● **Provided data**
------------------------------------------------
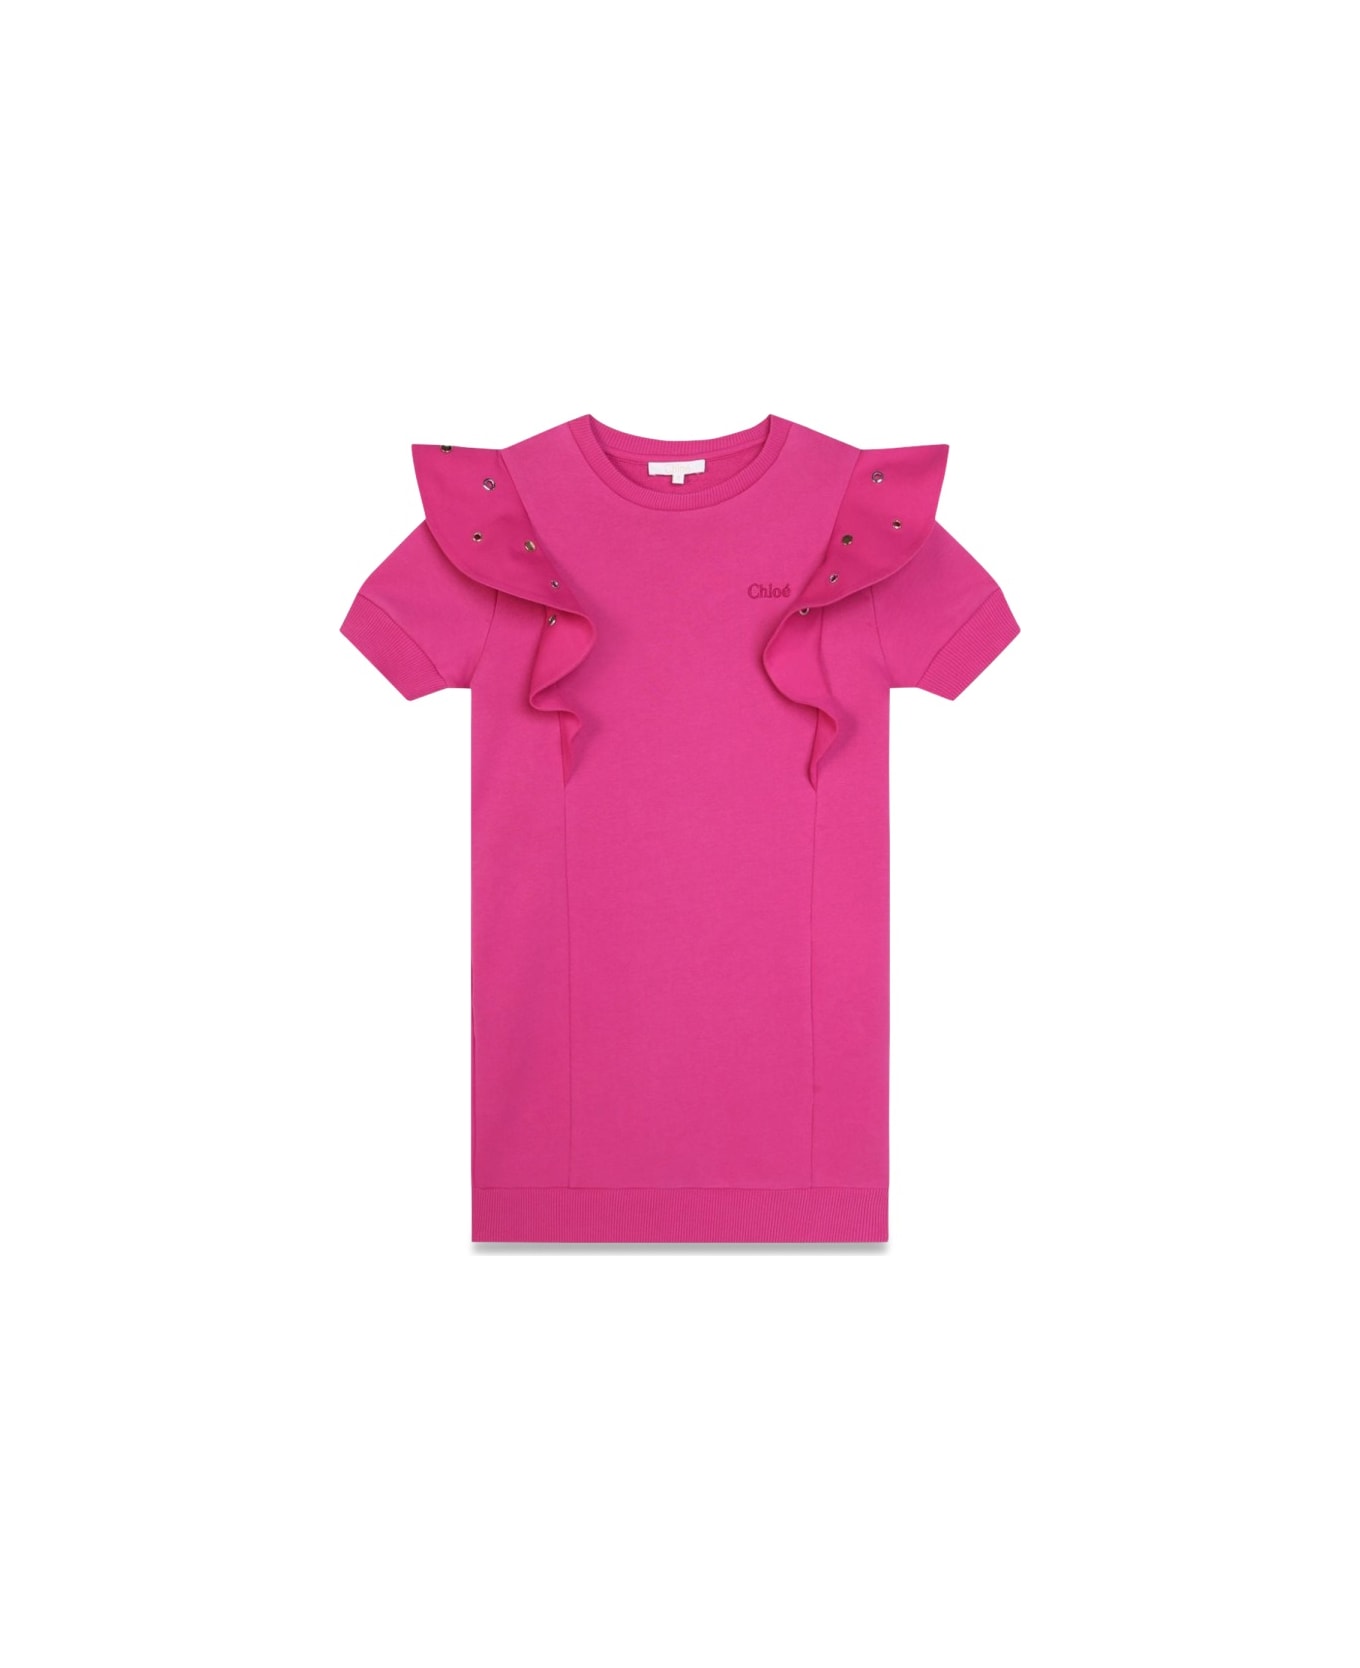 Chloé M/c Dress - PINK
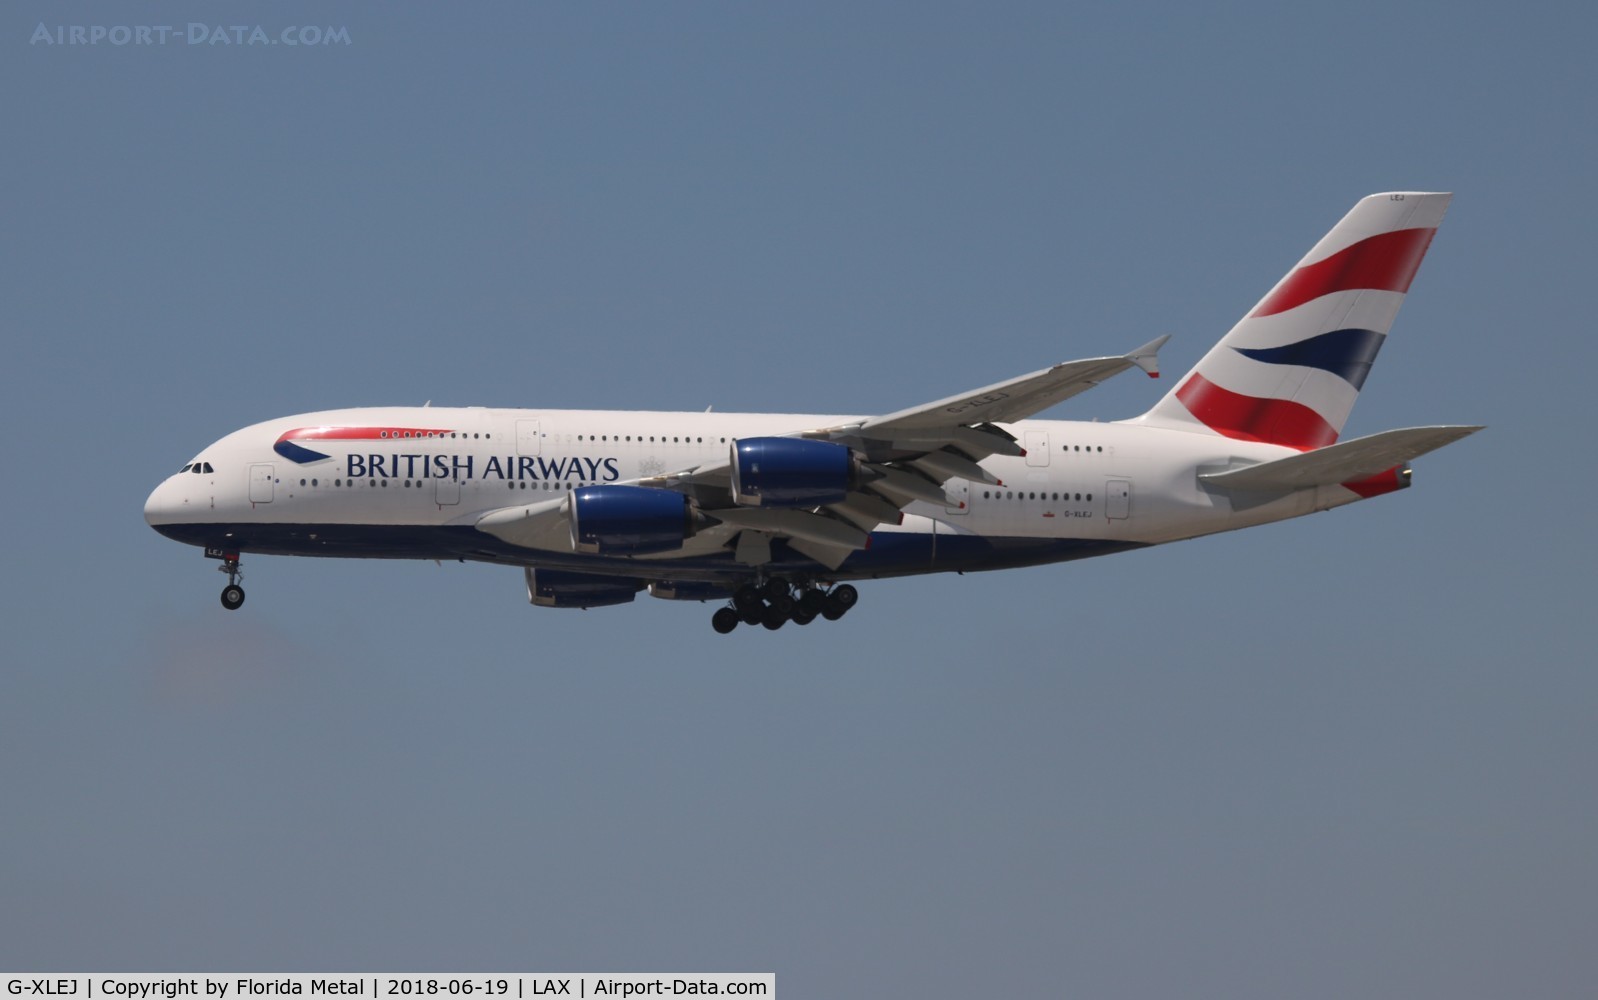 G-XLEJ, 2015 Airbus A380-841 C/N 192, British
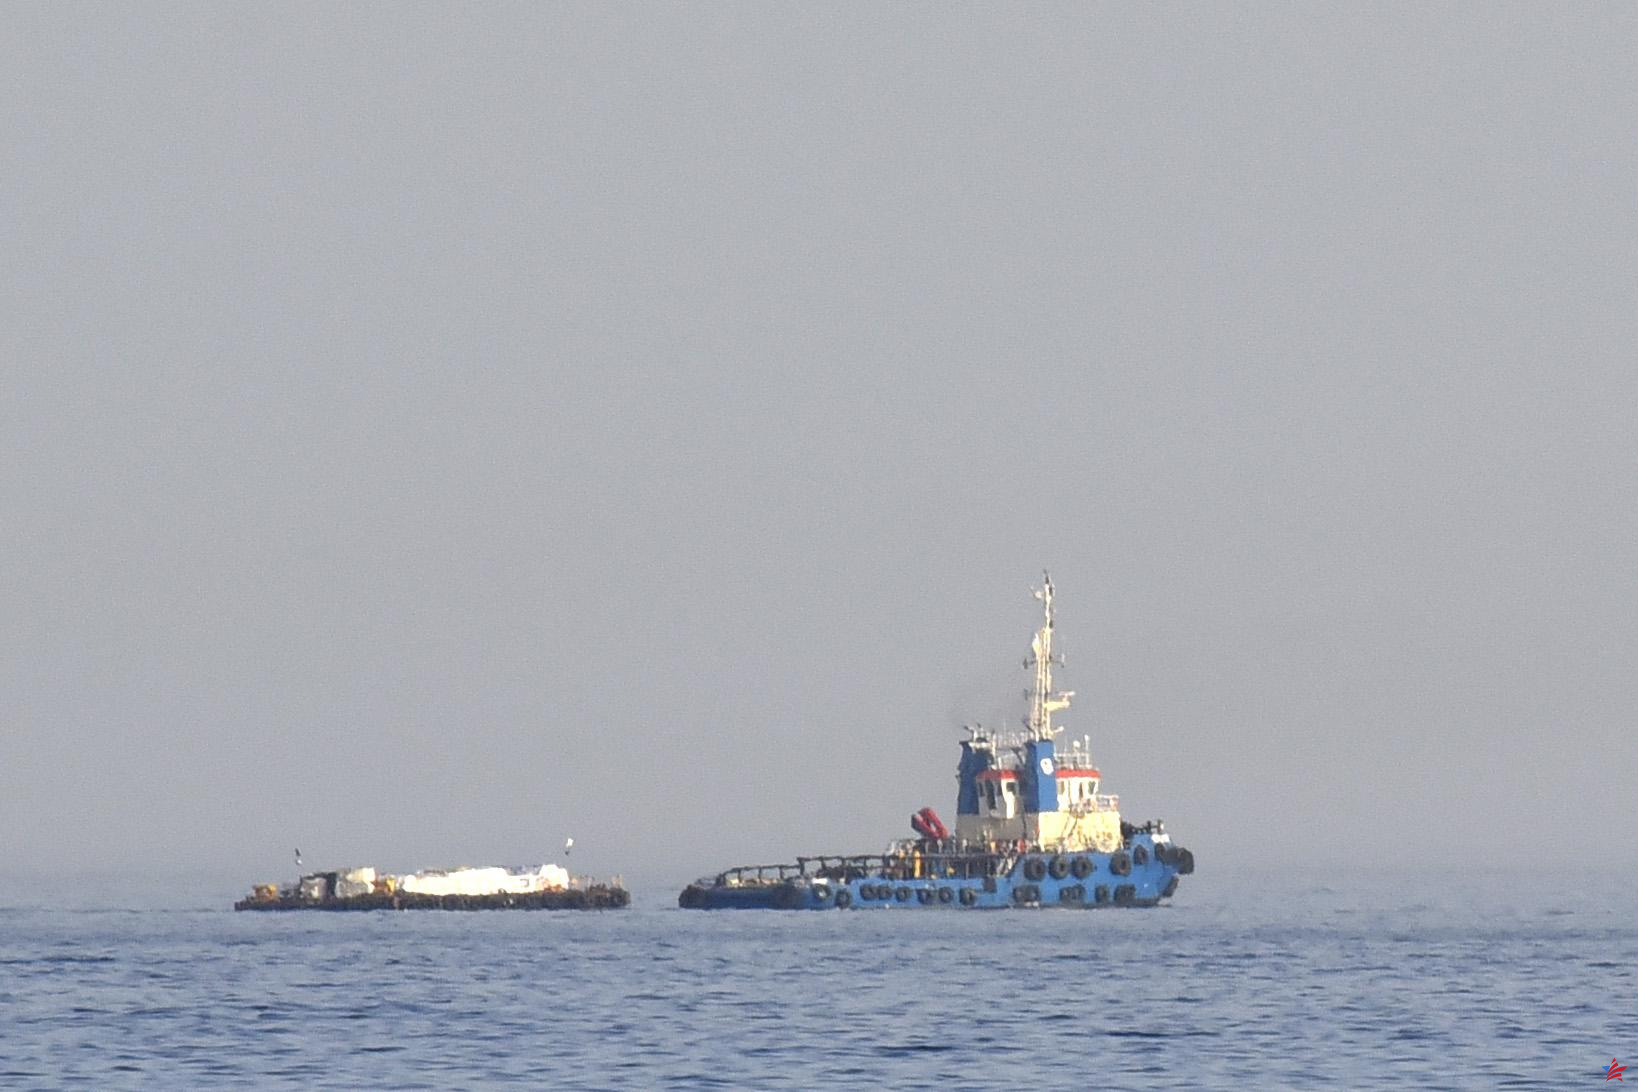 Barco atacado frente a Yemen, anuncia el Reino Unido
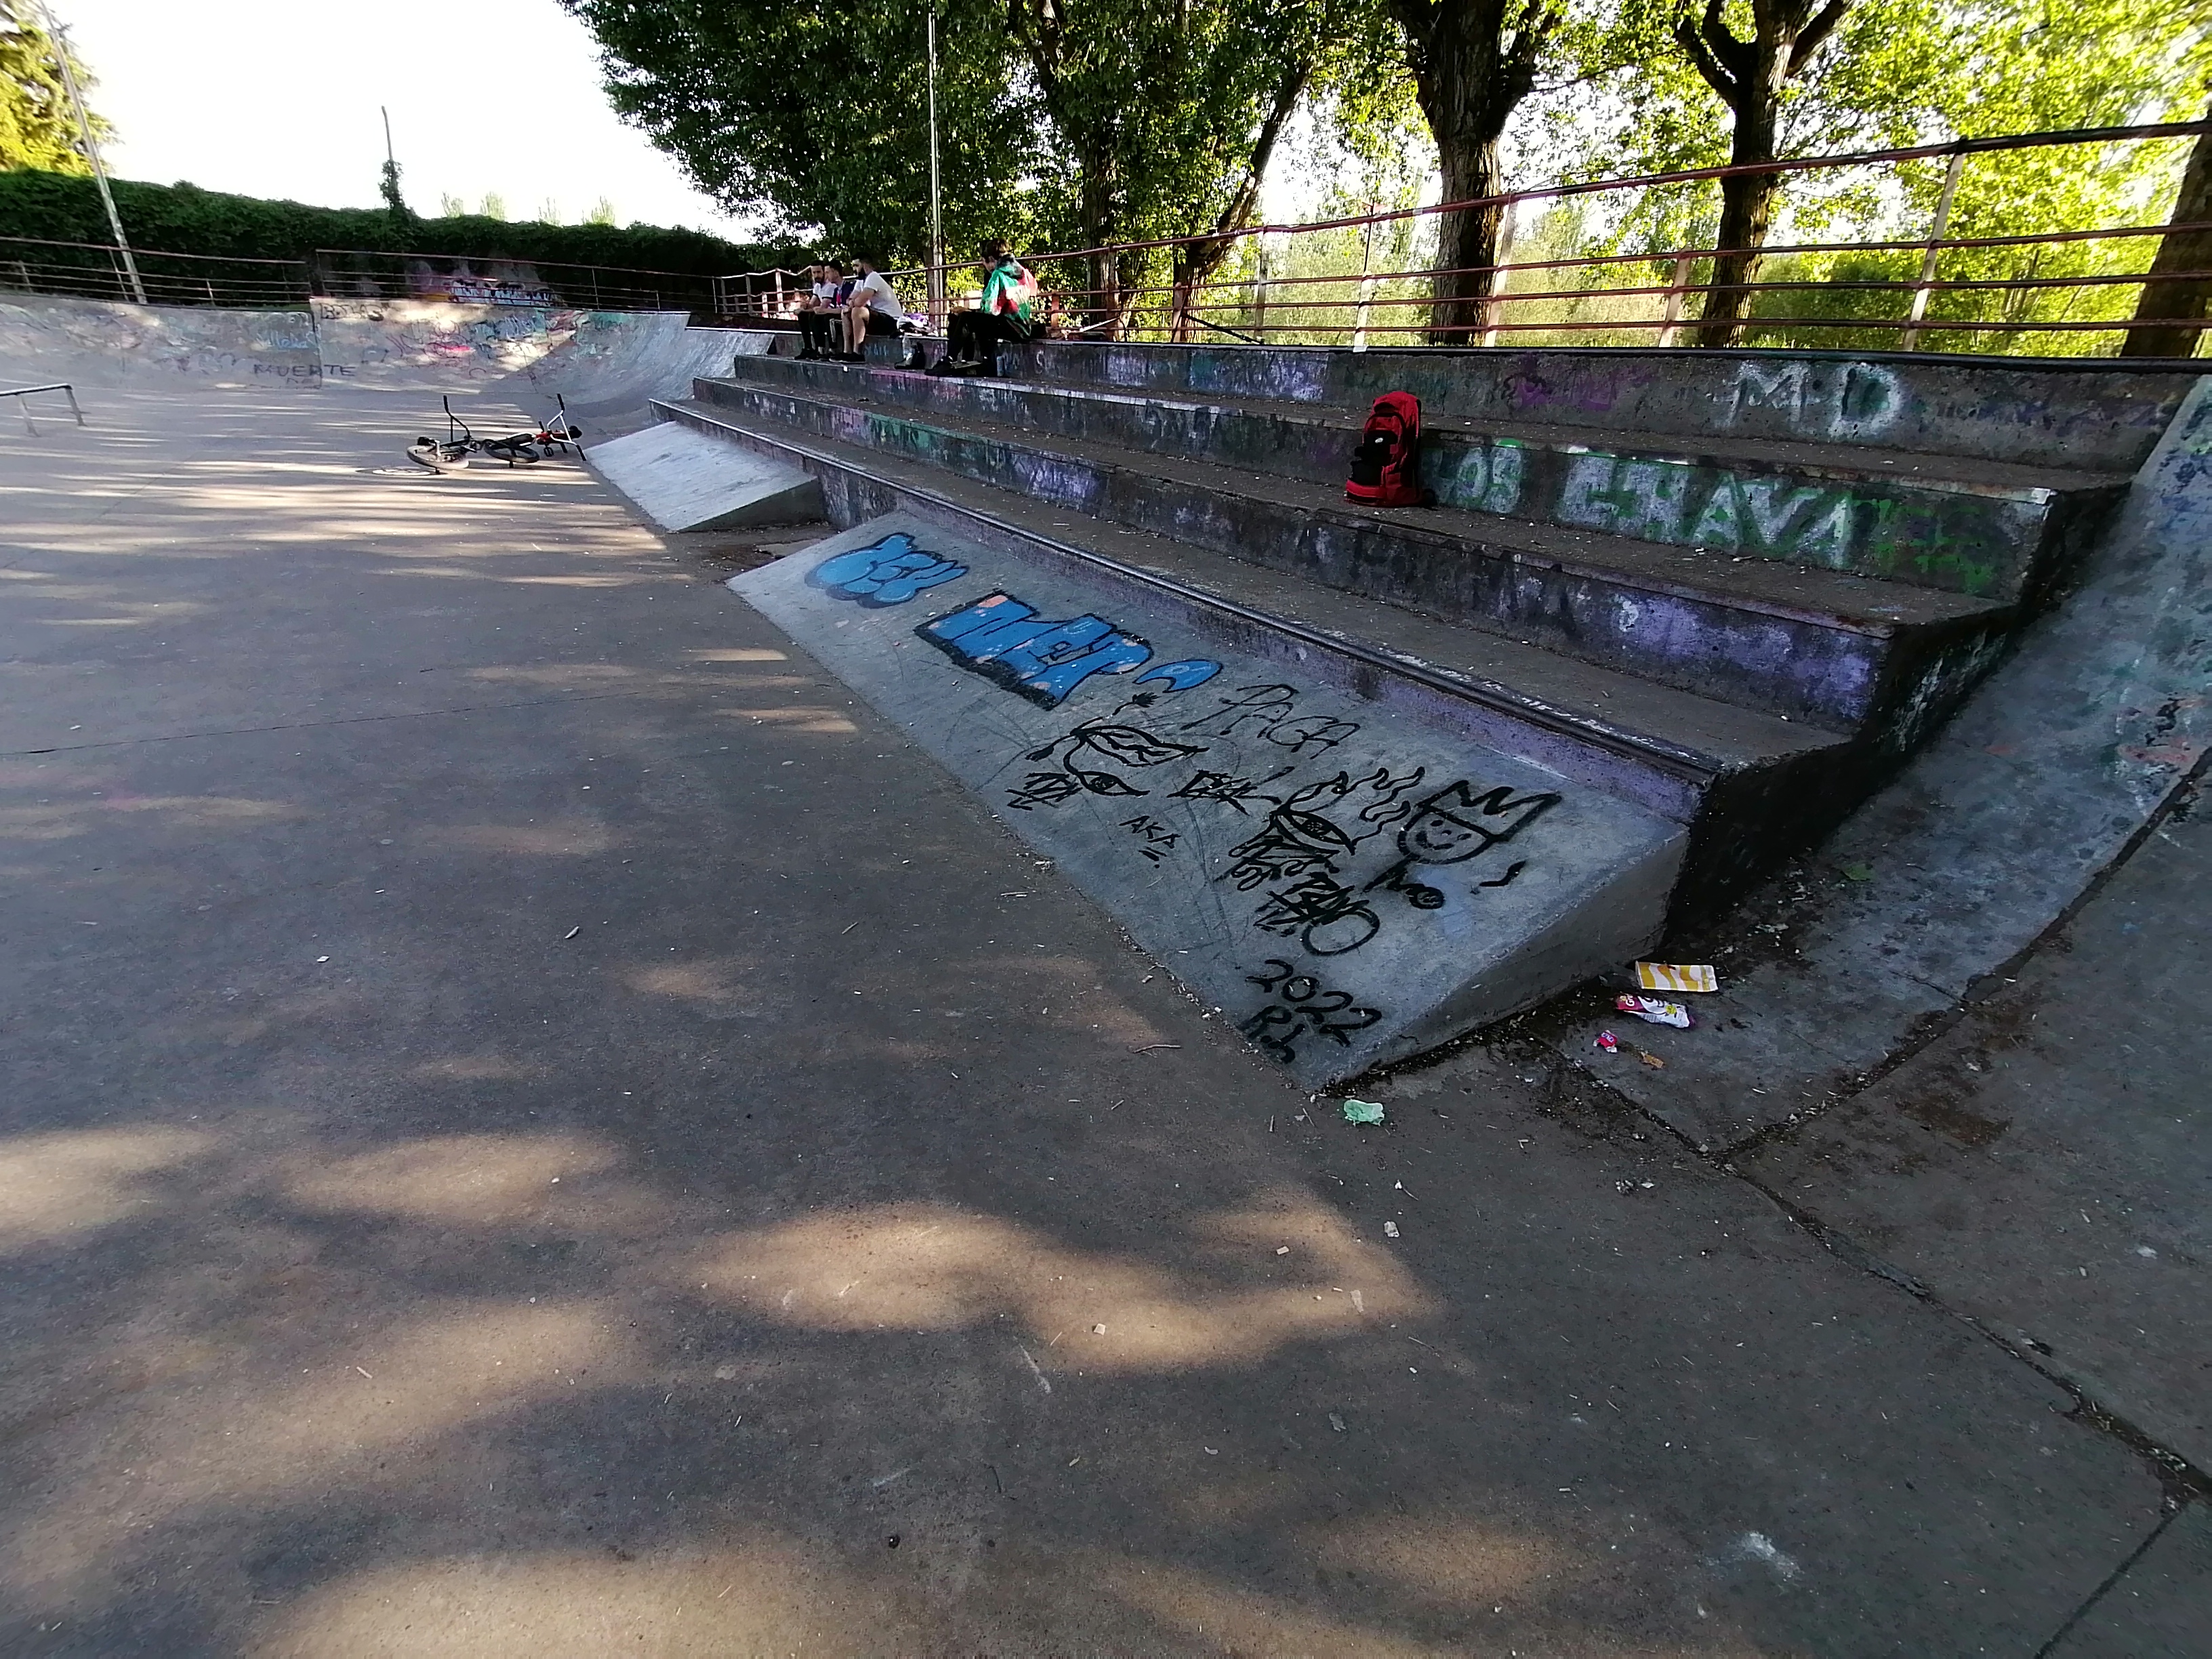 León skatepark
------------------------------------------------
● **Task brief**
The lines to repeat run from the line containing "G-XLEJ, 2015 Airbus" through the last line of the material above; give them exactly, without the pictures.

● **Answer below**
 G-XLEJ, 2015 Airbus A380-841 C/N 192, British
 Barco atacado frente a Yemen, anuncia el Reino Unido
 León skatepark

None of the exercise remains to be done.